__The problem__: Your job is to return the whole listing unchanged while skipping its images.

__Data below__:
"""

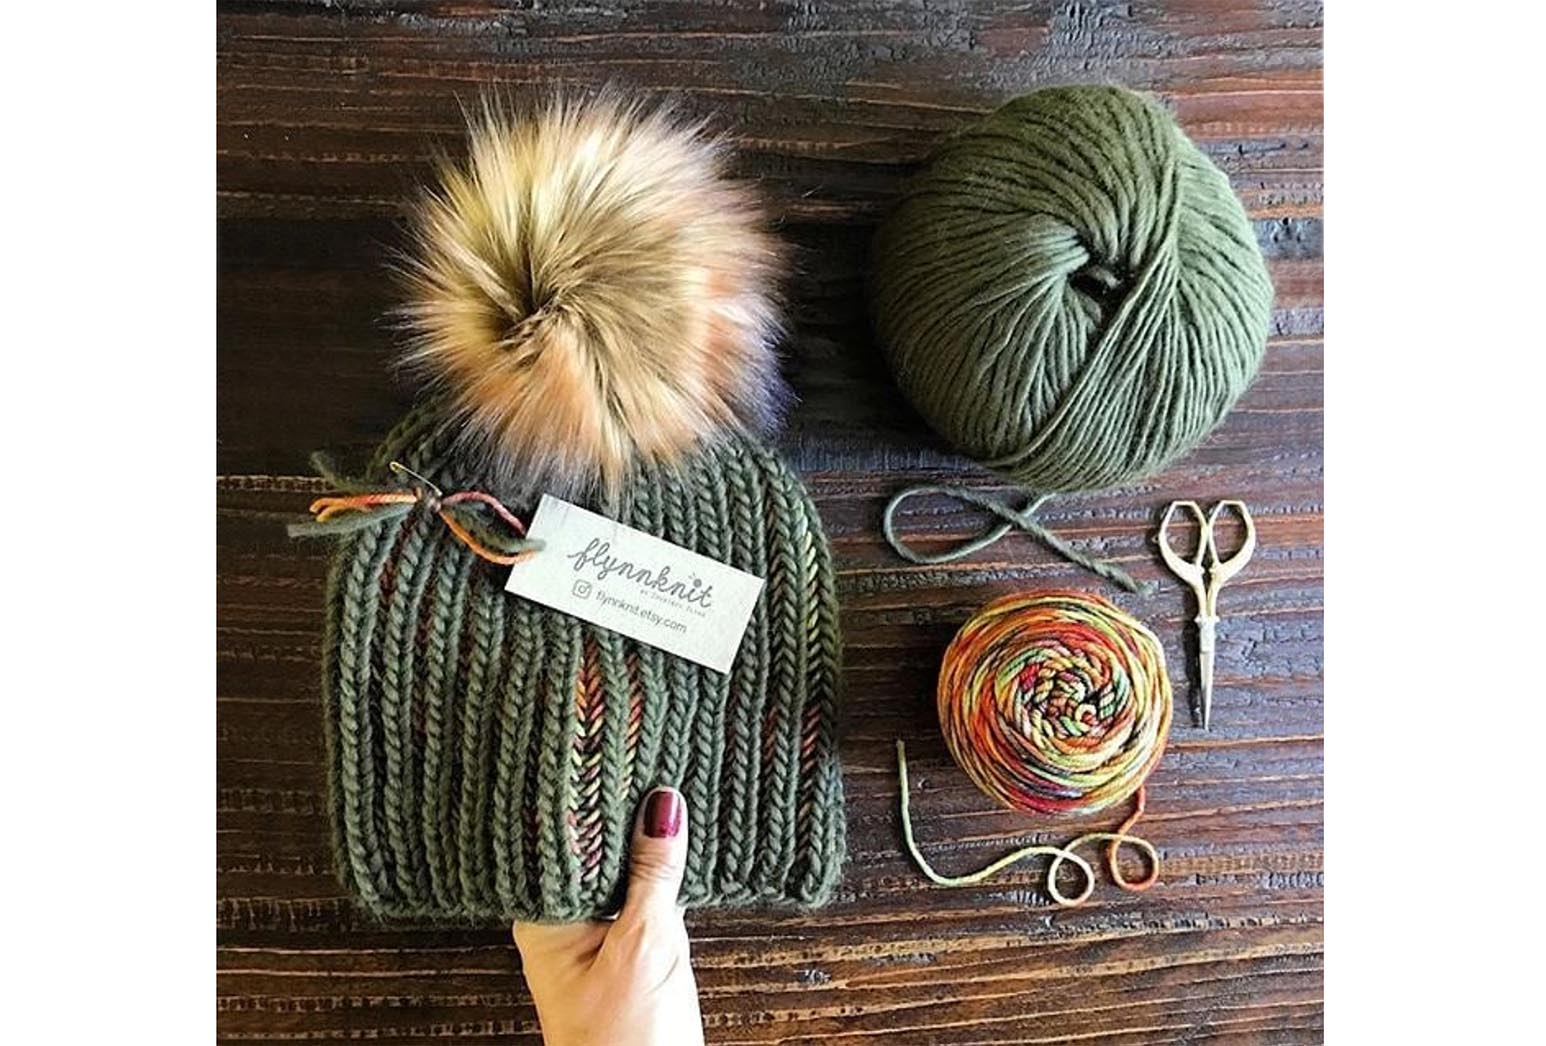 Discover the unique items that Flynnknit creates.
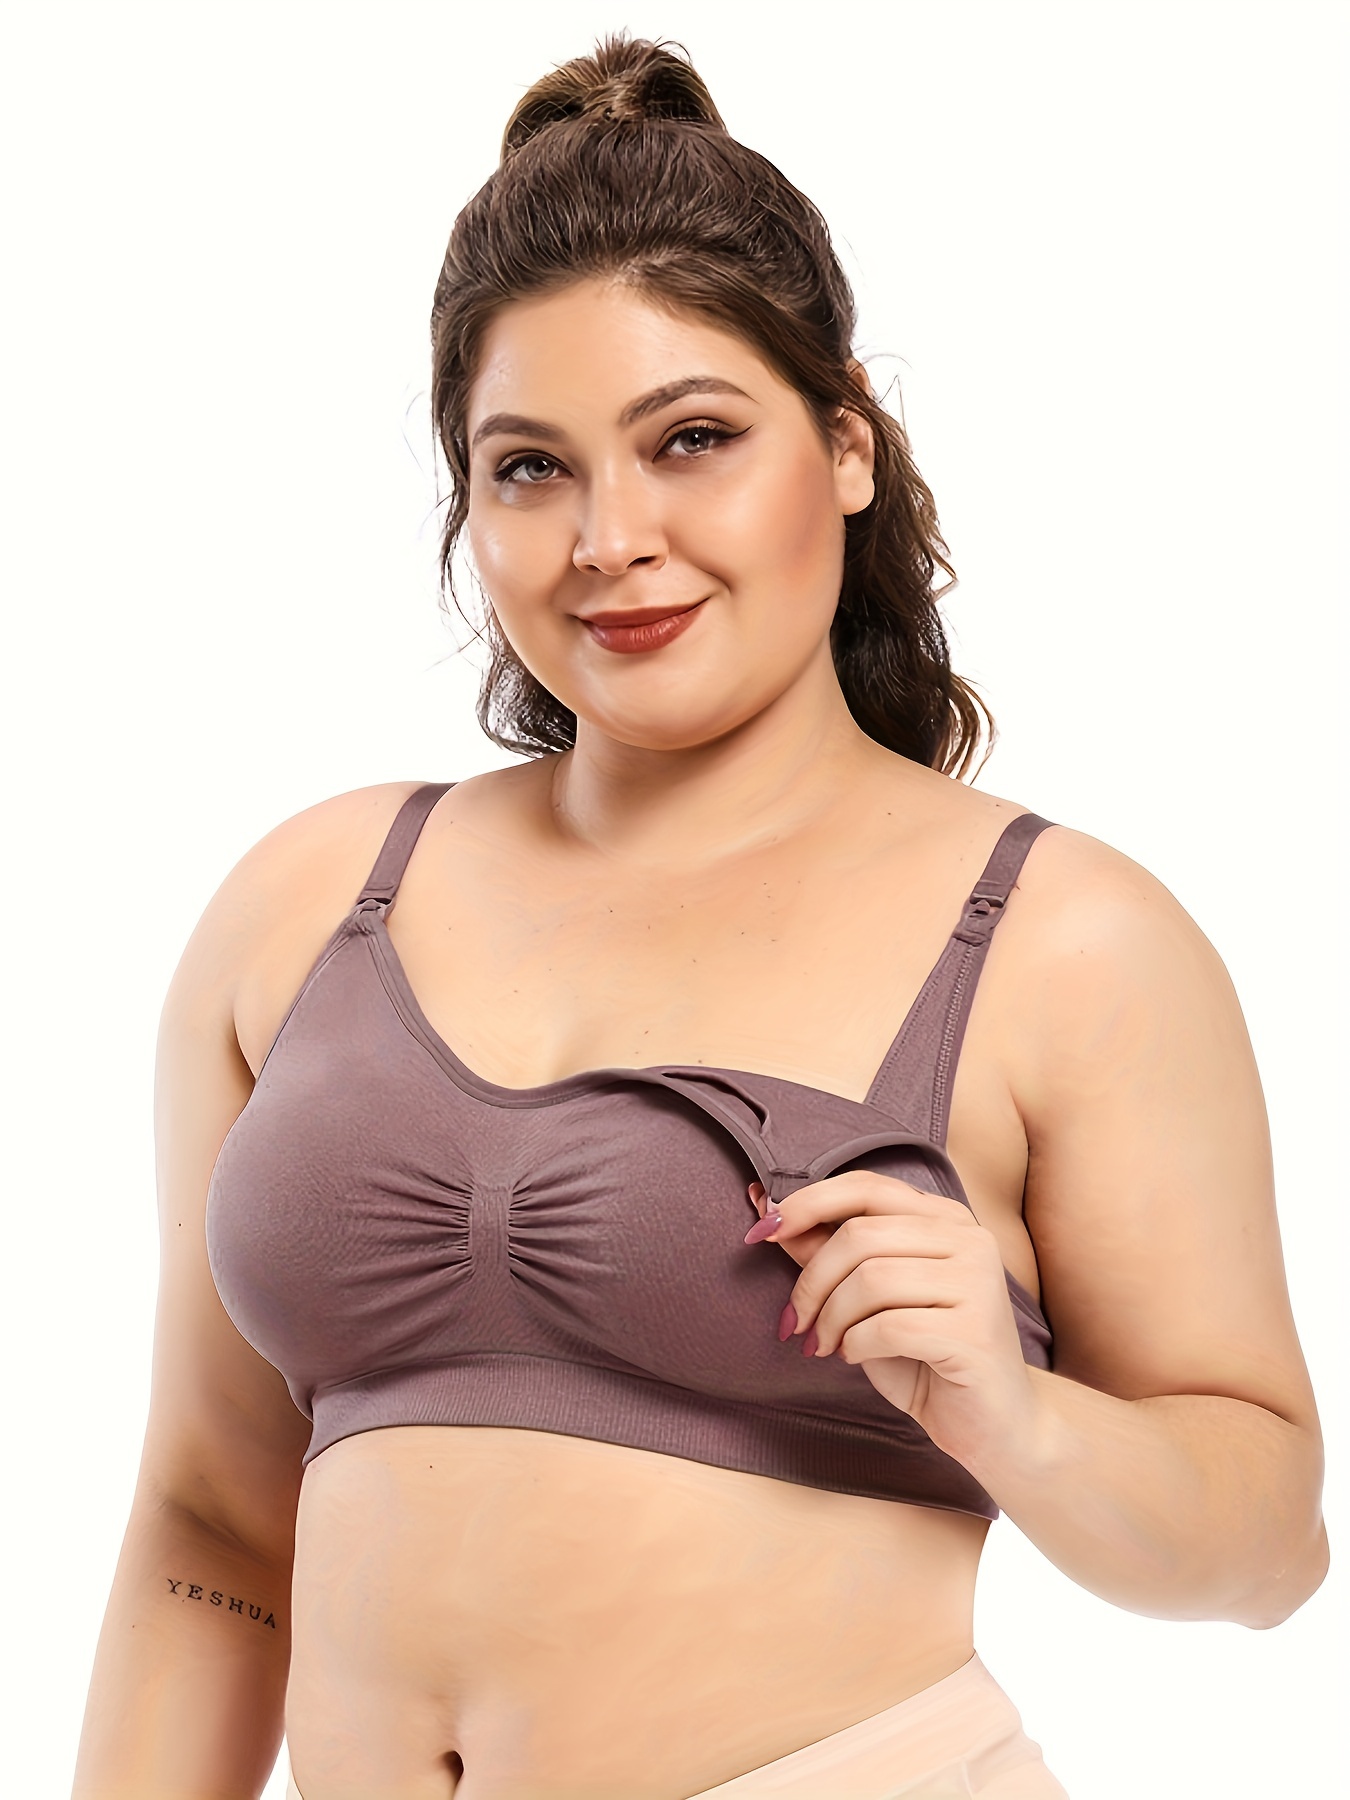 LeeWear Women Nursing Button Front Closure Bras Plus Size Wireless Sleep Bra  (no Pads) Imported from china Cotton pink, cream and apricot color  04_05_10BR22104
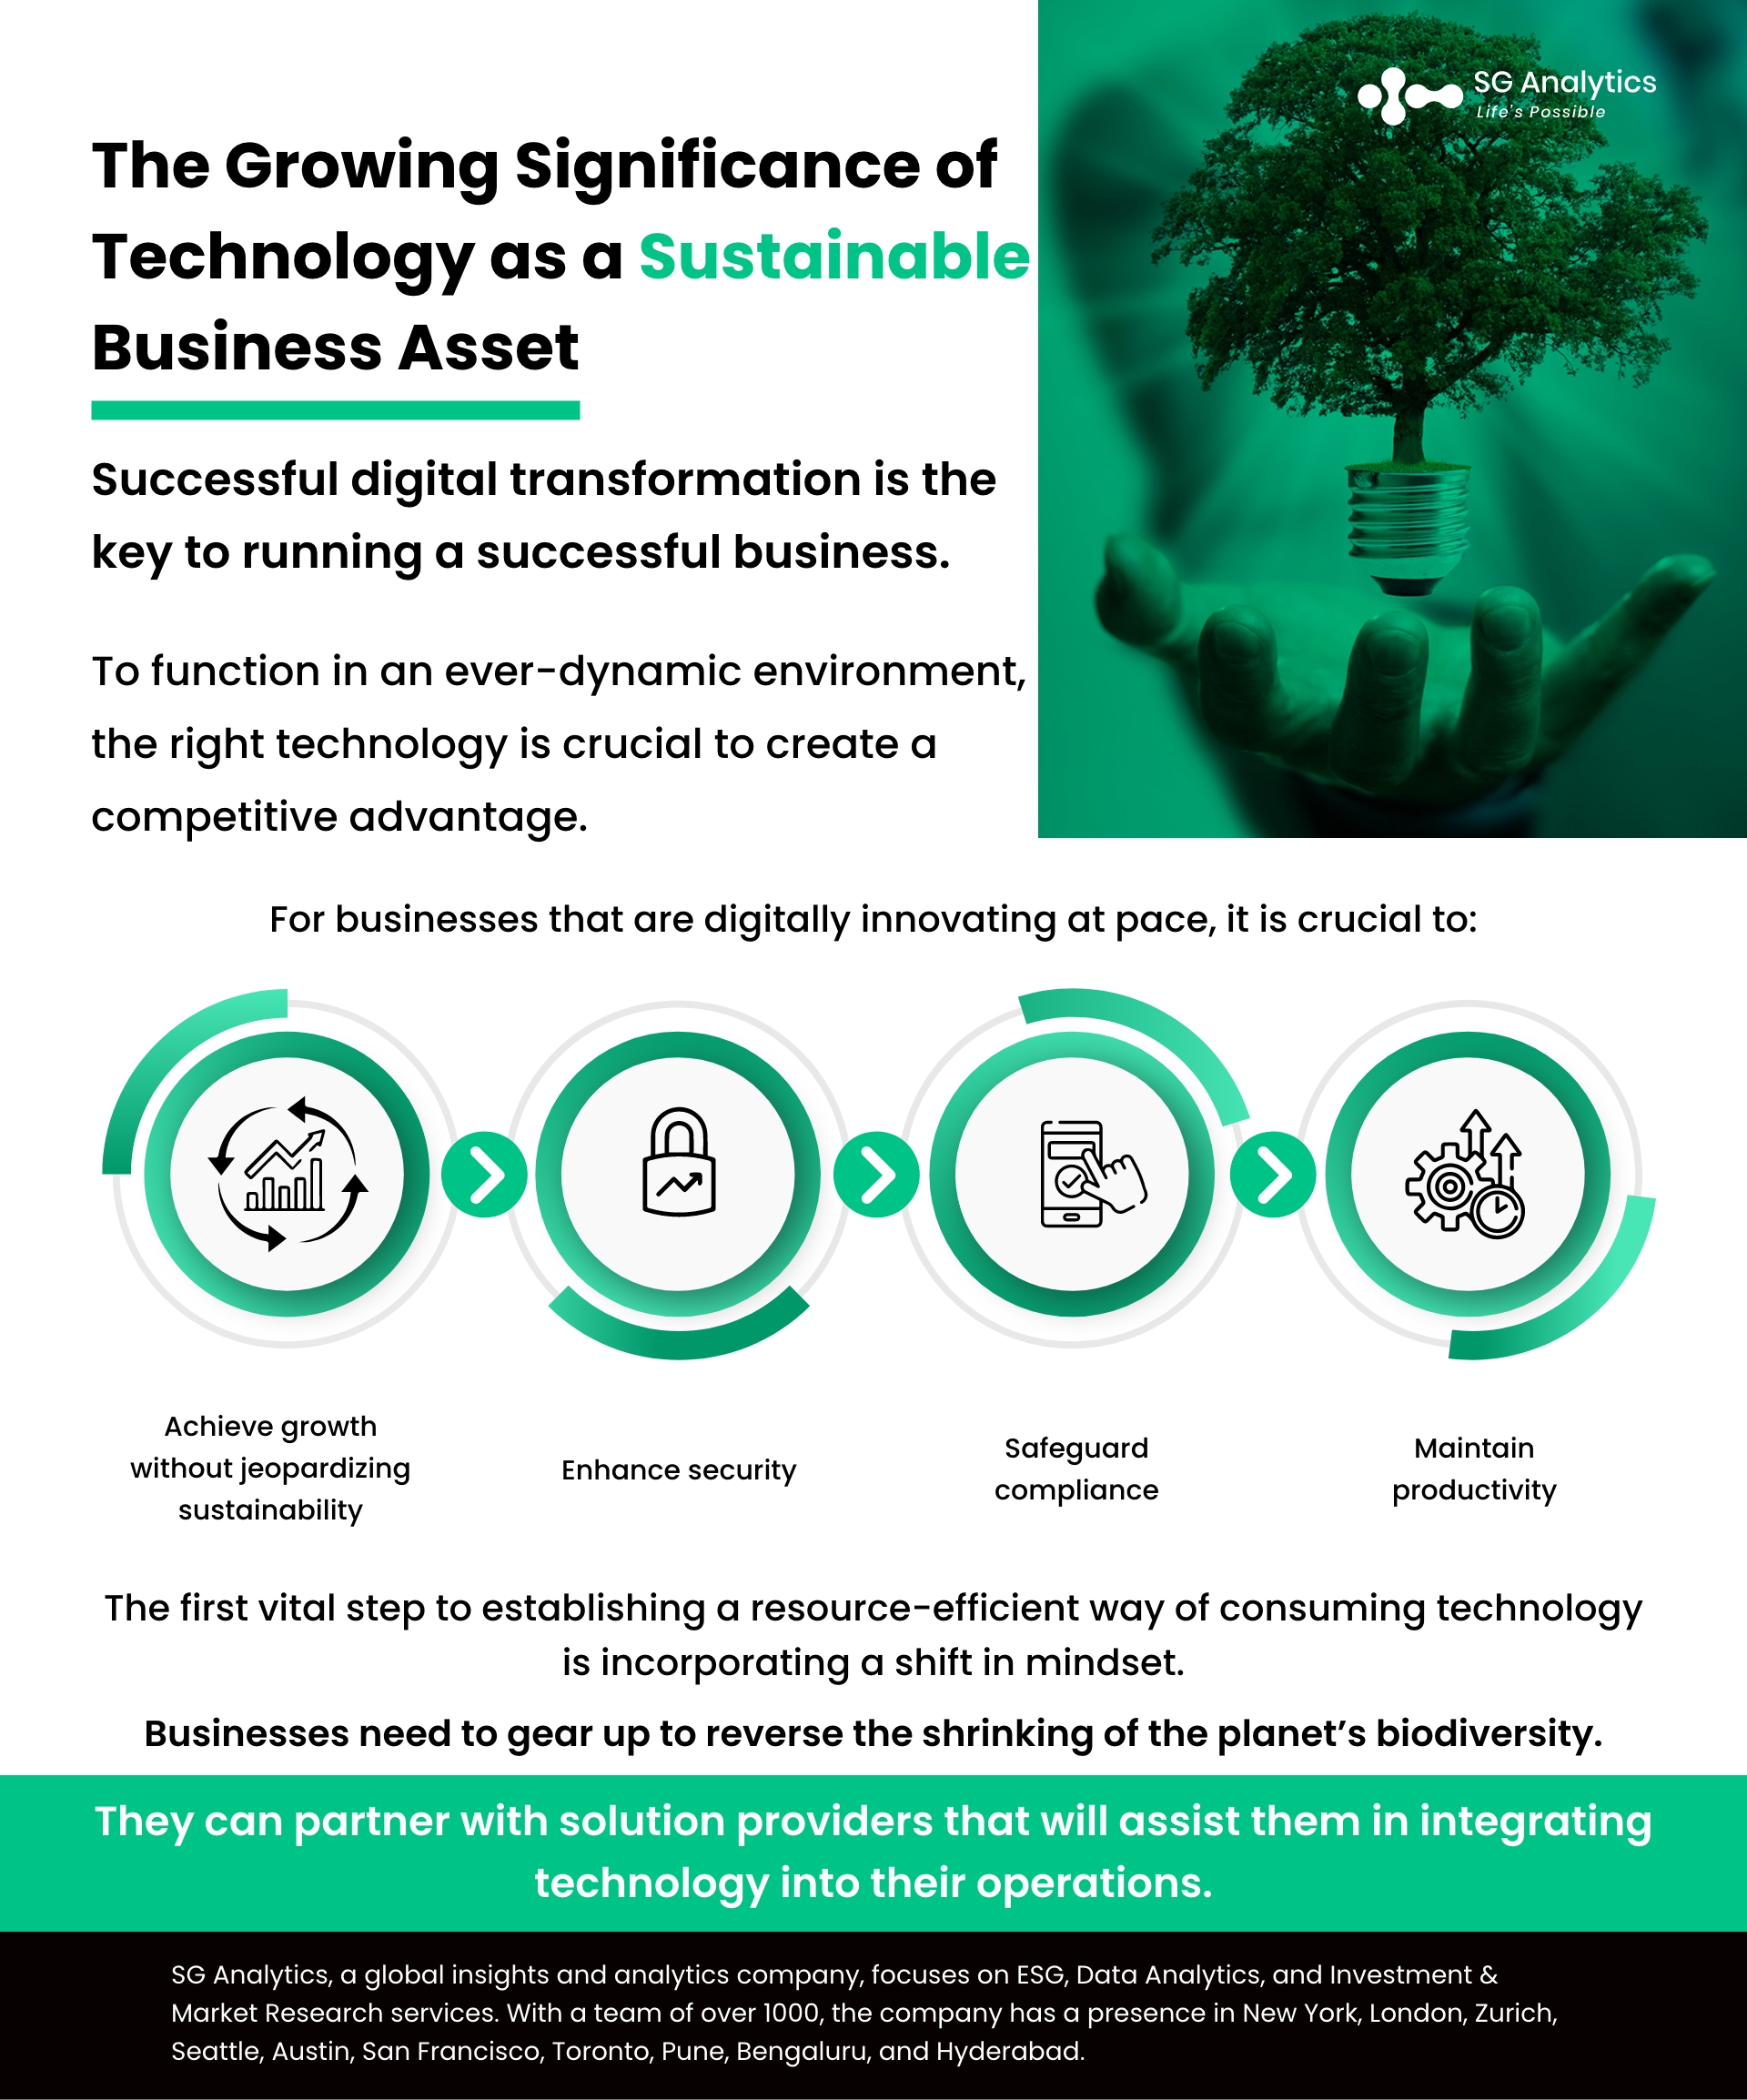 SGAalytics_Infographic_The Growing Significance of Technology as a Sustainable Business Asset

"""

__Answer section__:
 Discover the unique items that Flynnknit creates.
 LeeWear Women Nursing Button Front Closure Bras Plus Size Wireless Sleep Bra  (no Pads) Imported from china Cotton pink, cream and apricot color  04_05_10BR22104
 SGAalytics_Infographic_The Growing Significance of Technology as a Sustainable Business Asset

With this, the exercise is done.